As it turned out, Beyonce's album arrived without warning three days after Stringer – also the label boss behind 2013's other surprise release, David Bowie's The Next Day – gave his interview. If anyone thought releasing an album without prior publicity was a trick that could only be successfully pulled off once, they were mistaken. The impact of what industry magazines have taken to calling a "sneak attack" wasn't in any way dulled by the fact that an artist on the same label had done exactly the same thing earlier in the year: Beyoncé's eponymous fifth album went on to sell more than 800,000 copies in three days.
Given its success, it seems inconceivable that more artists won't try to repeat the feat over the next 12 months, not least because the sneak attack manages to diffuse the weight of expectation placed on a hotly anticipated album and circumvents the chance of bad reviews: you'll still get the coverage, but you'll already have sold a lot of albums before anyone gets round to reading it. You can understand why someone like Adele, whose third album is supposed to come out next year, might seriously consider that approach, given that she's charged with the thankless task of following up the biggest-selling album of the last decade. You might consider it if you were U2, also slated to reappear next year, as a means of injecting a degree of unpredictability into a career that hasn't exactly flagged in recent years – most bands would kill for a career slump involving a world tour that grossed $736m (£450m), as U2's 2009-2011 360 Degree tour did – but that has suffered from a sense of diminishing returns when it comes to new albums: 2009's No Line on the Horizon was their lowest-selling in a decade.

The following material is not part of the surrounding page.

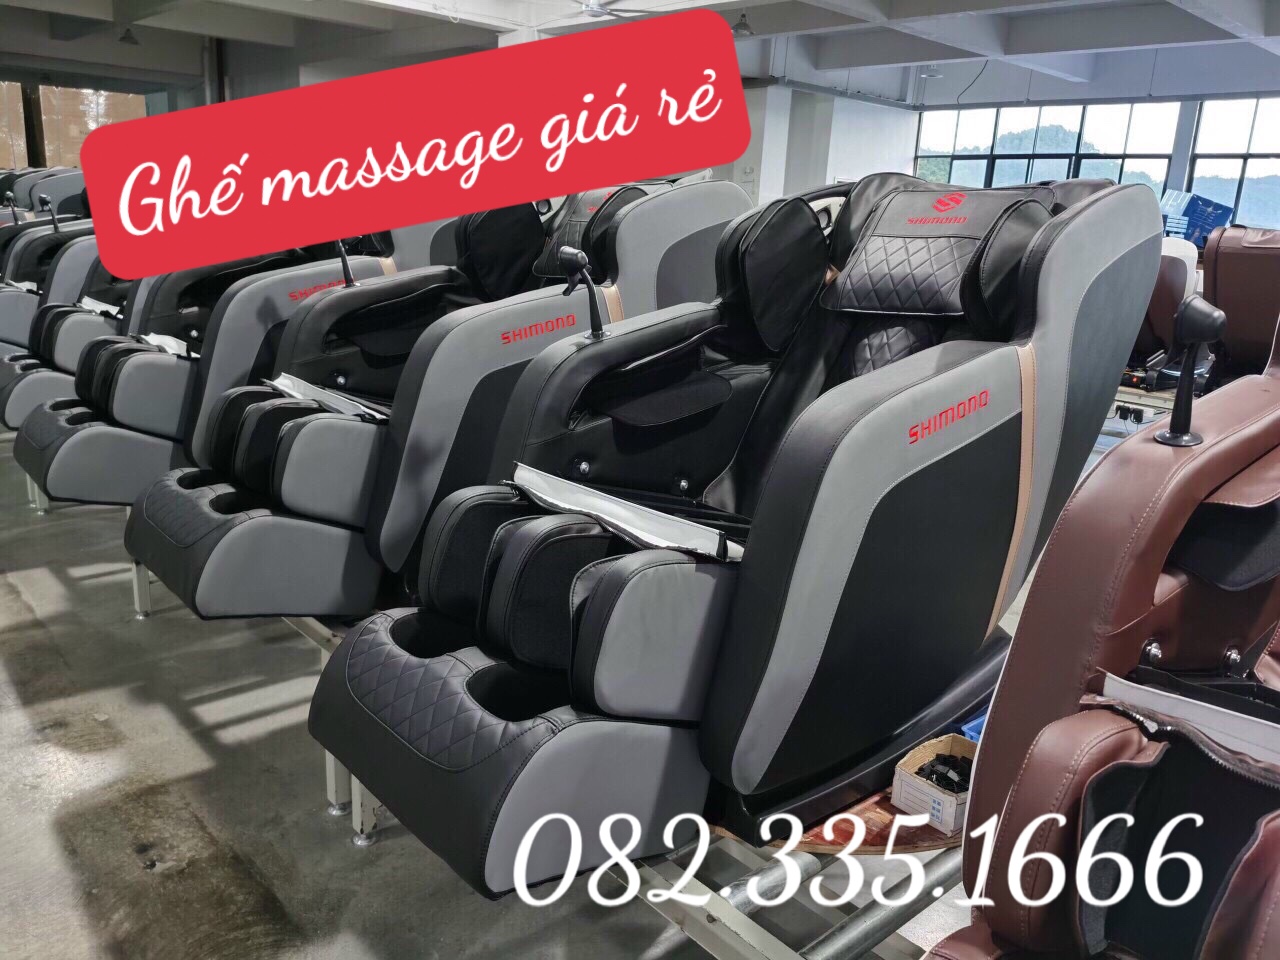 Ghế massage giá rẻ

That said, there are a handful of major albums with fixed release dates: not just Springsteen but the second albums by acclaimed US alt-rockers Warpaint and UK dance star Katy B, whose 2011 debut On a Mission brilliantly rendered a variety of underground club genres – drum 'n' bass, dubstep, garage, UK funky – into sparkling pop music. Scheduled for March is Lily Allen's comeback album, which apparently features songs inspired by both "the experience of motherhood" and her Twitter feud with rapper Azaelia Banks, whose own album, Broke With Expensive Taste – originally scheduled for release in 2012 – is also supposed to be coming out next year. The latter certainly sounds like an intriguing record, at least if you believe Banks's description of its contents: an "anti-pop" album influenced by abstract US alt-rock band Ariel Pink's Haunted Grafitti, featuring collaborations with Pharrell Williams and chart-topping British duo Disclosure.
Equally intriguing is the prospect of Lana Del Rey's Ultraviolence – an album on which you hope the singer-songwriter is going to attempt a Bowie-esque reinvention of her persona, rather yet another set of songs in which she pines for her bad boy lover in a seedy motel while either putting her red dress on or taking her dress off – and R&B producer Frank Ocean following up 2012's acclaimed Channel Orange with an album he's suggested is inspired by the Beach Boys, whose influence you could certainly hear in Superpower, his contribution to the Beyoncé album.
Elsewhere, 2014's first two guaranteed critical hits look like being Canadian singer-songwriter St Vincent's eponymous album – released in February and already trailed by a wildly acclaimed single Birth in Reverse, complete with the attention-grabbing opening line "oh what an ordinary day/ take out the garbage/ masturbat*" – and the debut album by Sky Ferreira, which is already available to hear on YouTube (having been released in the autumn in the US), and sees the singer, model and actress takes an appealingly leftfield approach to the business of making a pop album. The year's big archival release, meanwhile, looks like being a follow-up to Michael Jackson's posthumous 2010 album, Michael, a record that received what you might tactfully describe as a mixed reception, with members of the Jackson family claiming that several tracks actually featured a Michael Jackson impersonator. It's to repeat the formula of getting old Jackson tracks remixed by a contemporary producer (Timbaland is involved) while fans are apparently excited that it may include Jackson's thought-provokingly titled 1989 outtake Do You Know Where Your Children Are?